# What to do:
With the pictures omitted, transcribe each line below exactly as it is.

# Dataset extract:
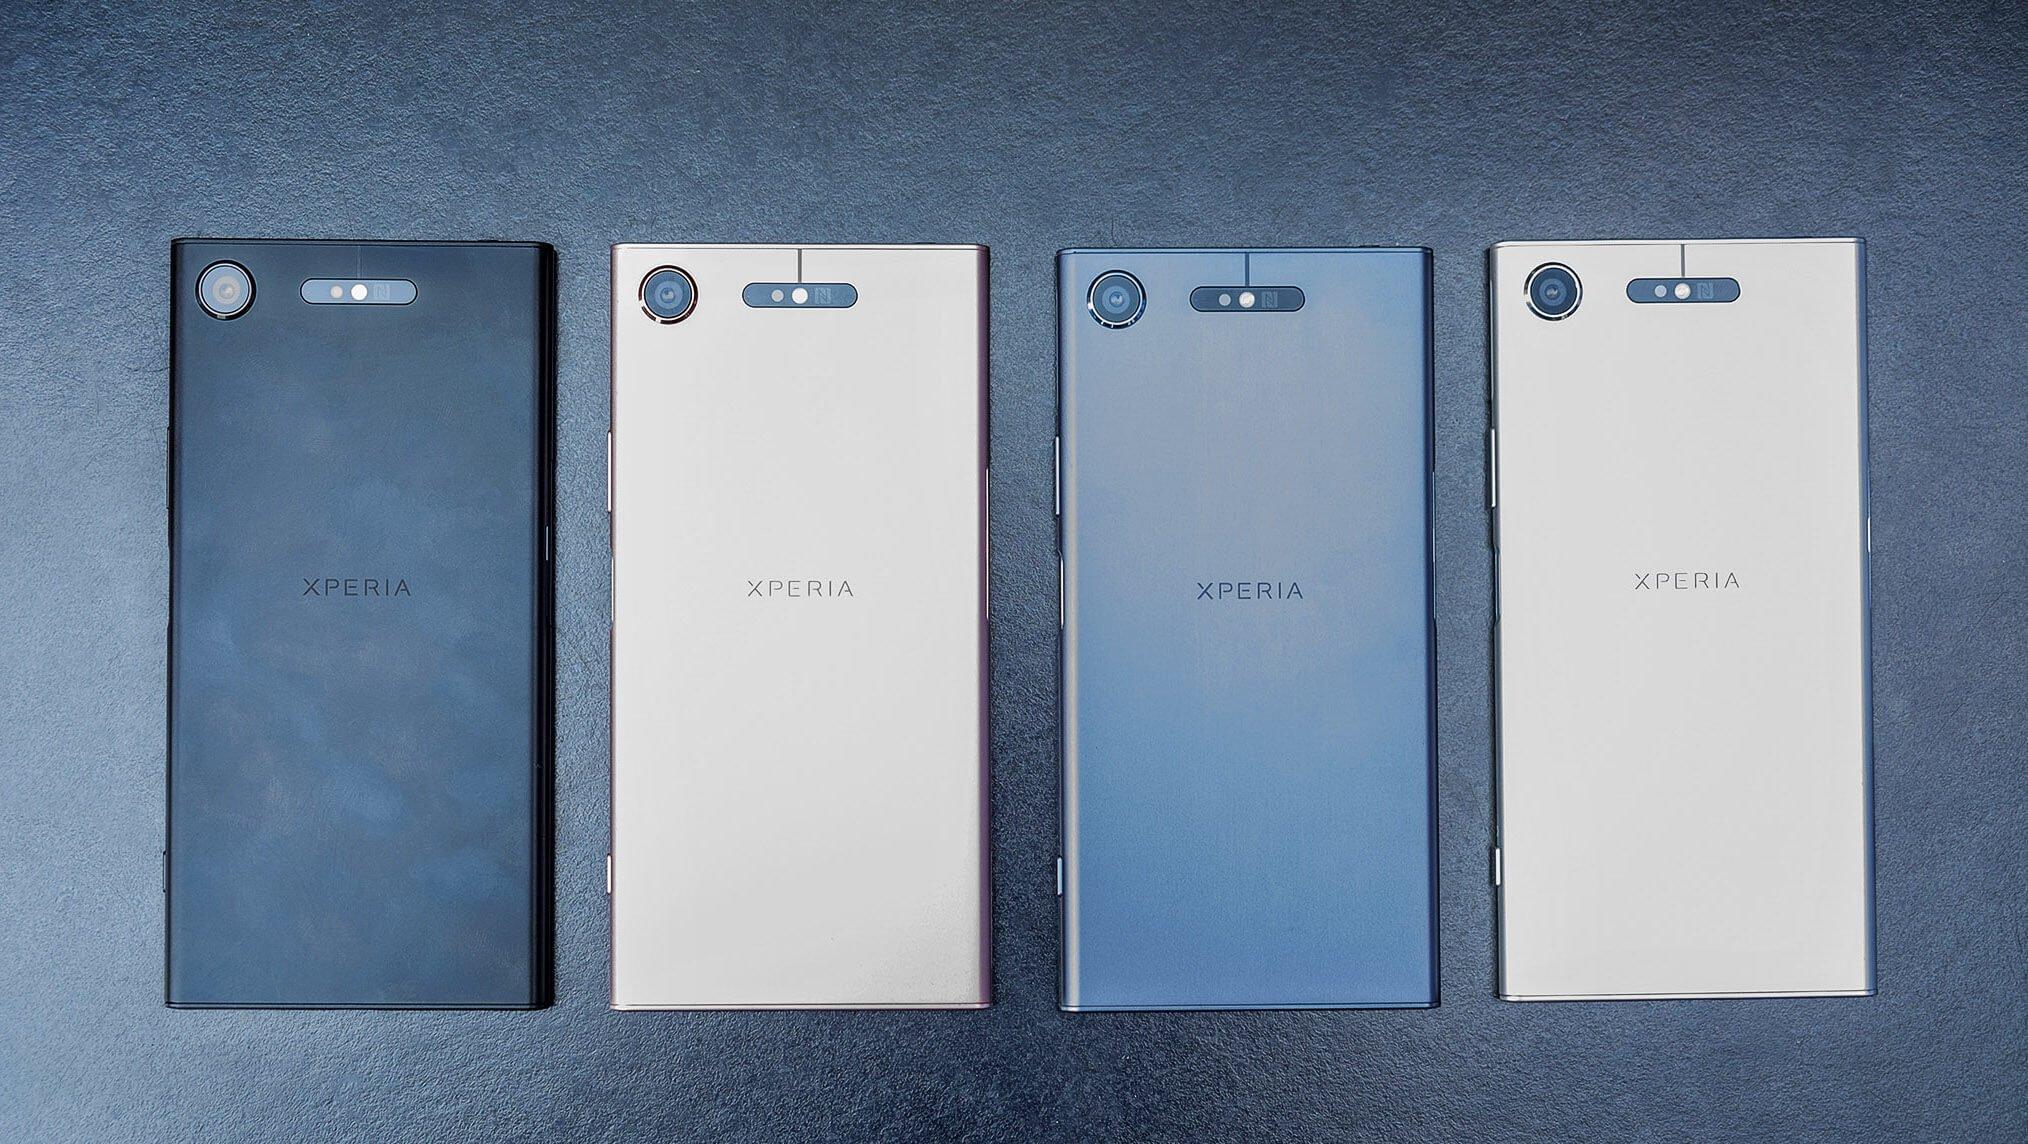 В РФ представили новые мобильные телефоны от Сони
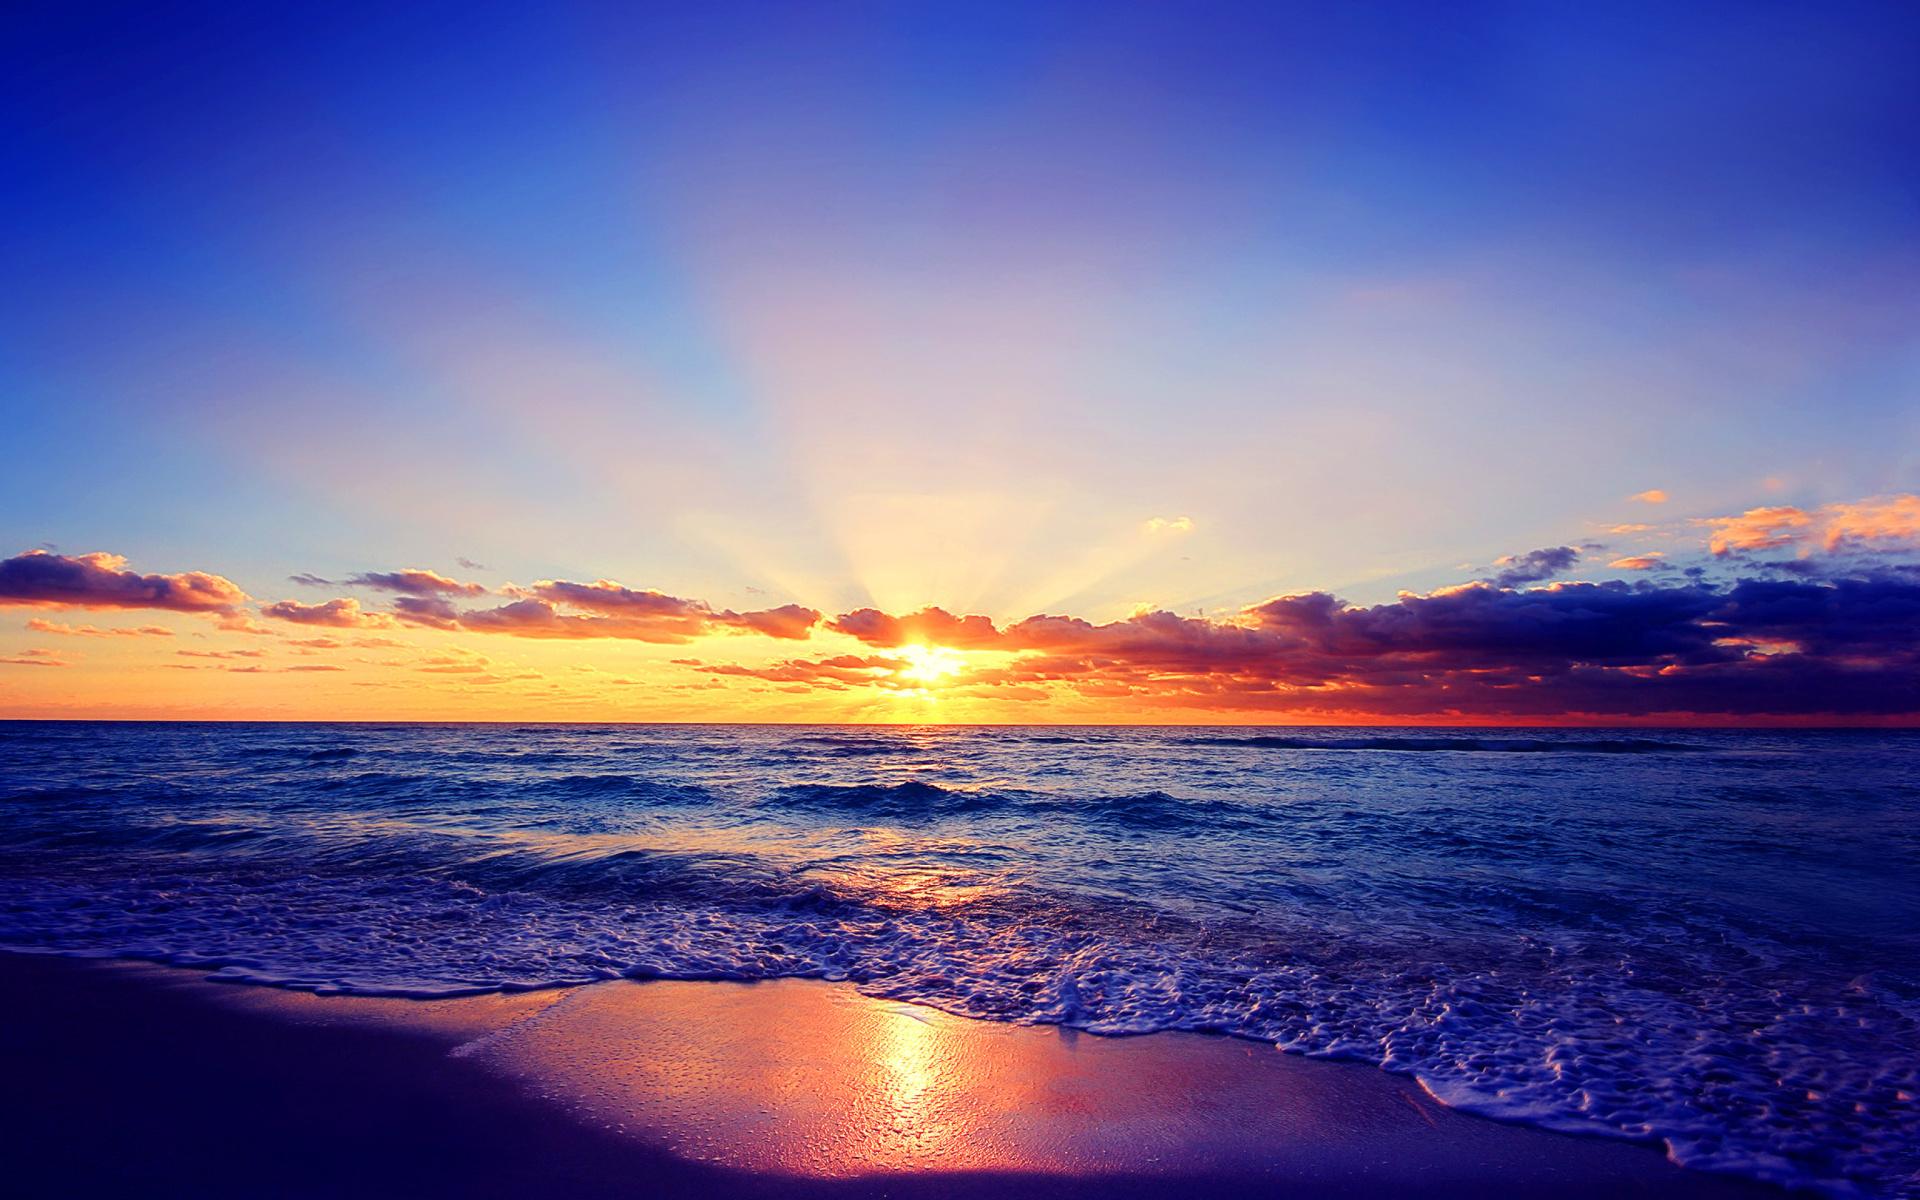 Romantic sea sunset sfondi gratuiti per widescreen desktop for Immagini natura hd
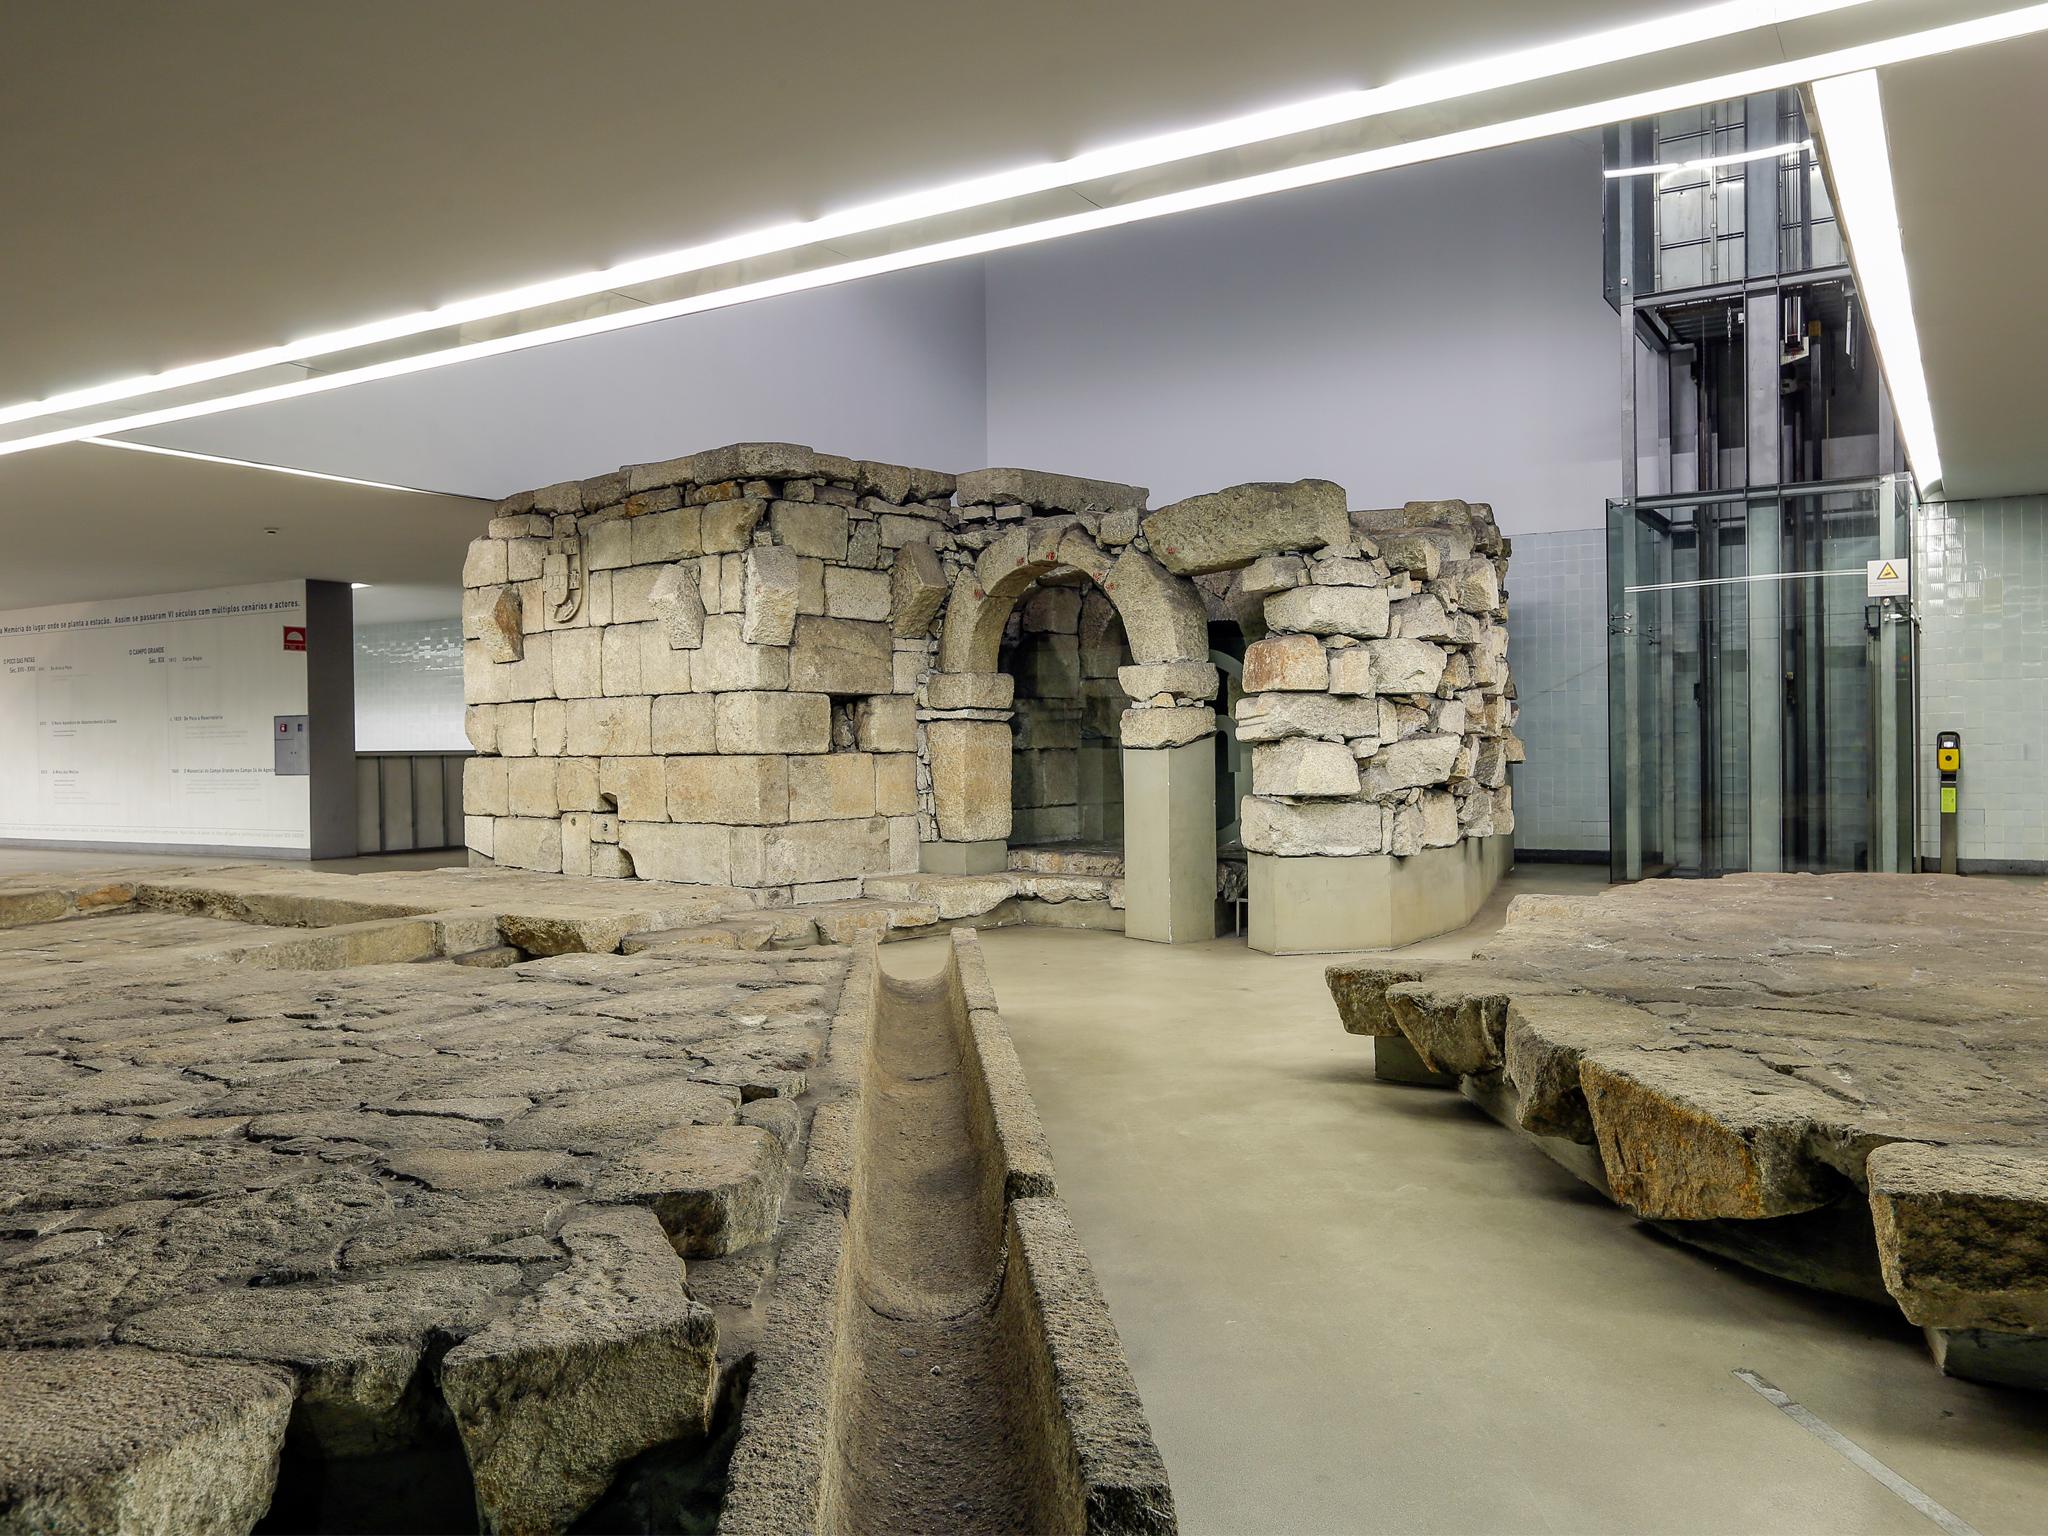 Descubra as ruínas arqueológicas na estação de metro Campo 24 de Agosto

# Your response:
 В РФ представили новые мобильные телефоны от Сони
 Romantic sea sunset sfondi gratuiti per widescreen desktop for Immagini natura hd
 Descubra as ruínas arqueológicas na estação de metro Campo 24 de Agosto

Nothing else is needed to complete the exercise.